Private Albert Edward Essex enlisted as a regular soldier with the Royal Welsh Fusiliers on 23rd November 1903, aged 19 years three months (although according to the age on census records, this is not correct, and he would have been aged 17). His service record is available on the Find My Past website (available free of charge in any Solihull Library, with your Solihull Library Card) and shows that he went on to serve with the regiment in India and Agra. He served three years with the Colours, including terms in India and Agra. Following active service, he spent a further year in Section A, 1st Class Army Reserves. On completion of this year, he was relegated to Section B Reserves on 26 November 1907.

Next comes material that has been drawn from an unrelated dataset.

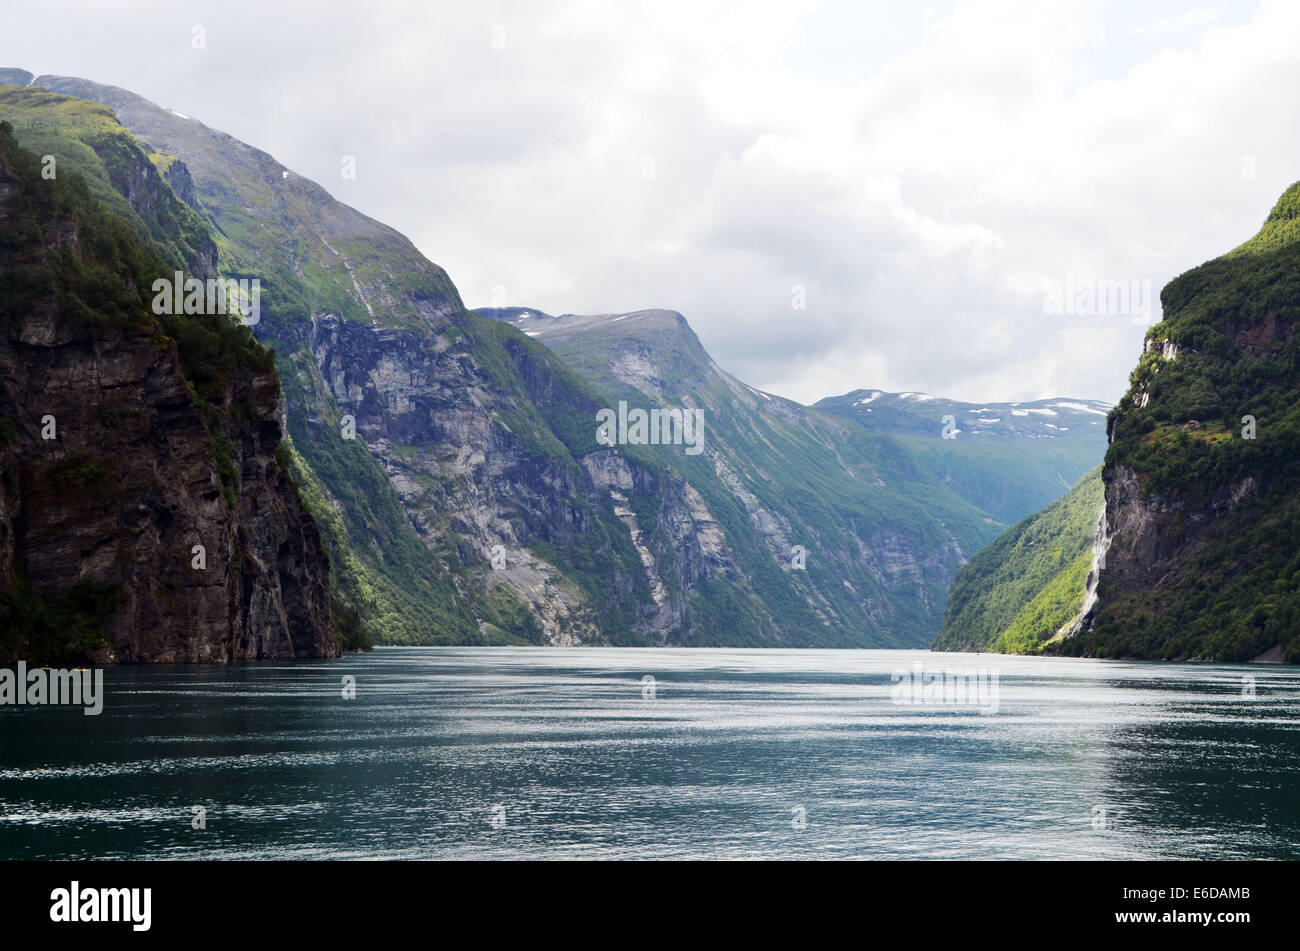 Geiranger fjord in southern Norway is one of the most beautiful fjords. The sheer cliffs rise straight from the water, . Stock Photo

A typical term of service in Section B Reserve would be five years, which means that Albert’s service would have expired on 26th November 1912. However, there was also an option of extending Section B service for a further four years, moving to Section D Reserve with the same terms and conditions. Pte Albert Essex appears to have taken up this option of an extension, as his service record is stamped “Mobilised Wrexham 5 Aug 1914”, just one day after war was declared. The Long, Long Trail website has a useful summary to help understand transfers to the Reserves.
Anyone with Albert Edward Essex in their family tree could easily miss his war service, as he was present in England for all the census returns in his lifetime. On the 1891 and 1901 censuses he was recorded living in Ulverley Terrace, with his parents James and Maria, and his five other siblings (two brothers and three sisters. Two more siblings died as infants). Albert was the youngest of the three sons and is shown on the 1901 census, aged 15, as a gardener, becoming a building contractor’s navvy by 1911. There is no mention on the census that he was an Army reservist. By 1911, the family had moved to Coronation Place, Ulverley Green, Olton, where they were still living when James received his son’s medals and next-of-kin memorial plaque in 1919.
Albert’s service record describes him as 5ft 6 and 7/8ths tall, with a fresh complexion, hazel eyes and brown hair. It notes that he had a scar on the outer side of his left forefinger. He wore size 7 boots and a size 21.5 helmet.
His conduct whilst with the Colours was described as very good, although the Defaulter Book entry in his service record indicates he was punished twice: for being eight minutes late falling in for parade in Lichfield on 6 Apr 1904; and for being absent without leave for two hours on 11 May 1904.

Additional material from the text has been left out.